◆ DATA FOR THIS TASK ◆
· · · · ·

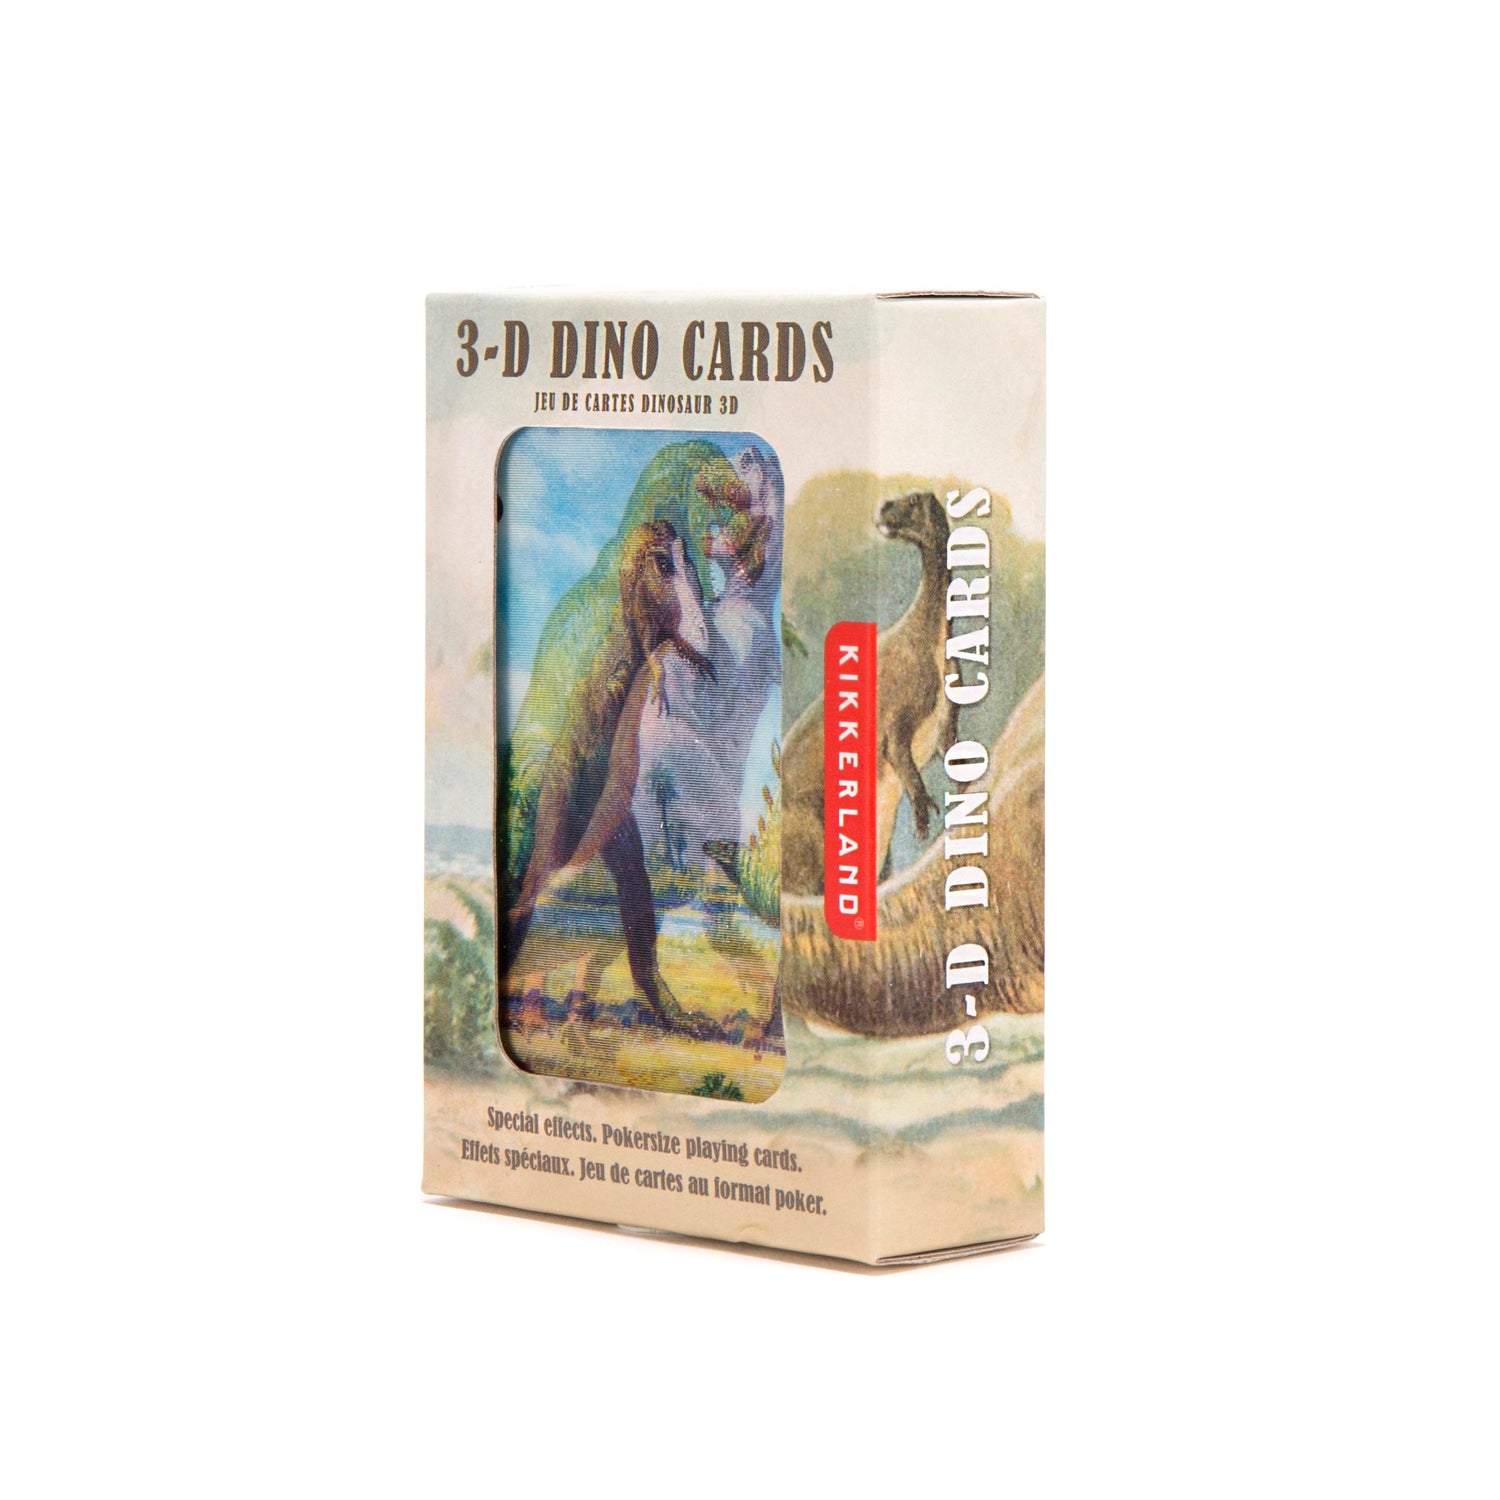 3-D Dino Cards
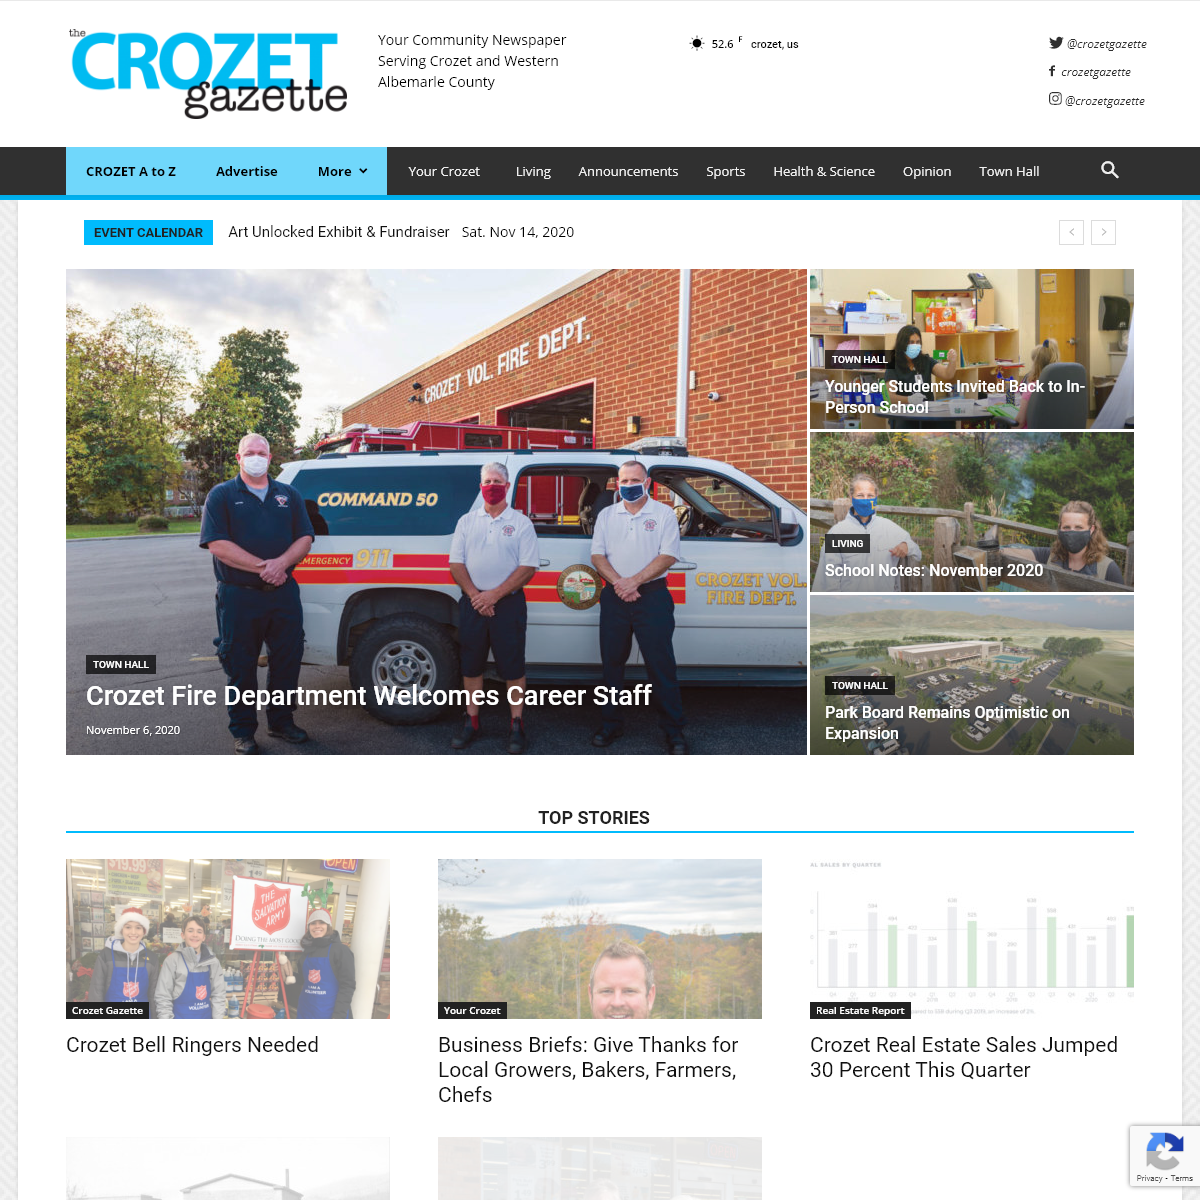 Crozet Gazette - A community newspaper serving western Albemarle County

· · · · ·

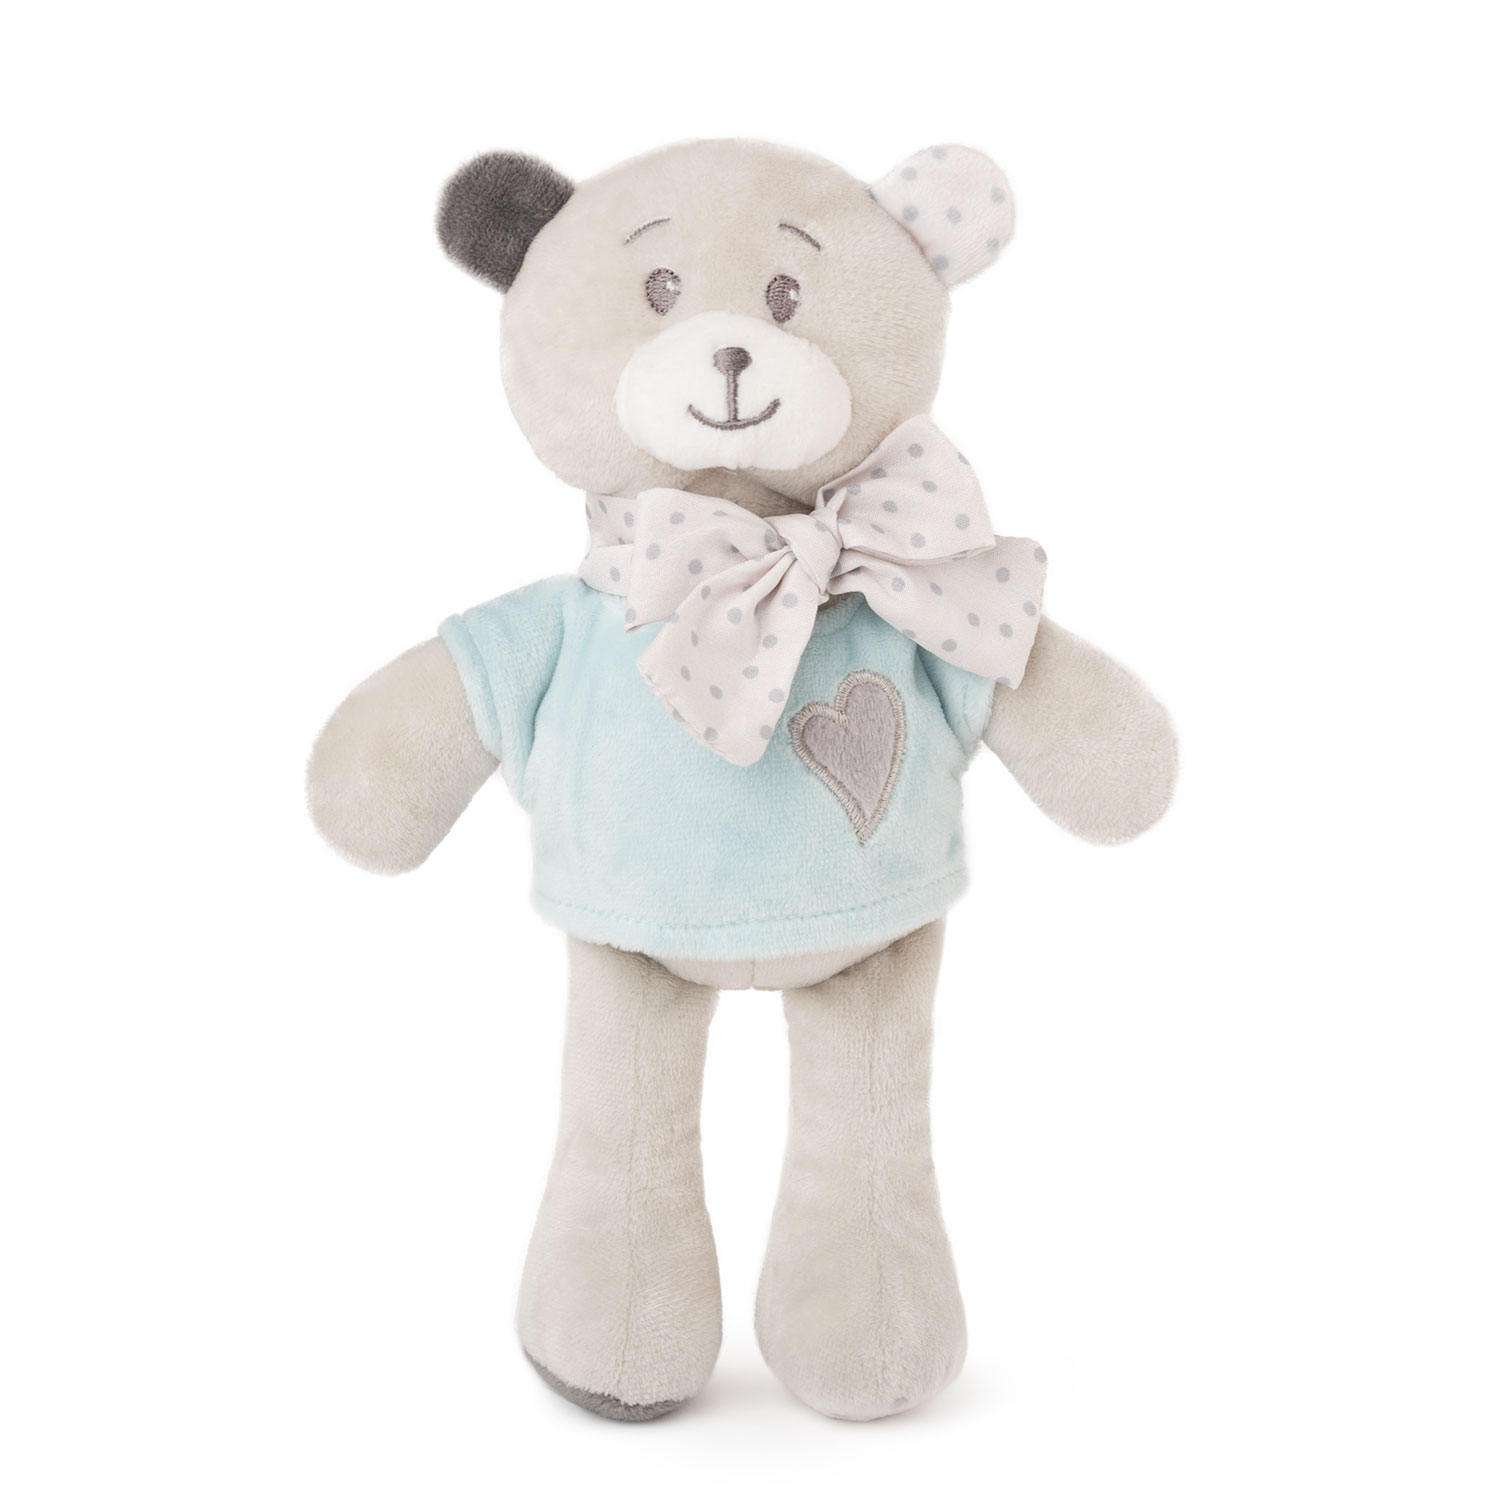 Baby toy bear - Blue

· · · · ·

◆ EXERCISE BRIEF ◆
To complete this exercise, transcribe exactly the lines above from the one that holds "3-D Dino Cards" through the one that holds "Crozet Gazette - A". Pictures stay out.

◆ ANSWER TO THIS PROBLEM ◆
 3-D Dino Cards
 Crozet Gazette - A community newspaper serving western Albemarle County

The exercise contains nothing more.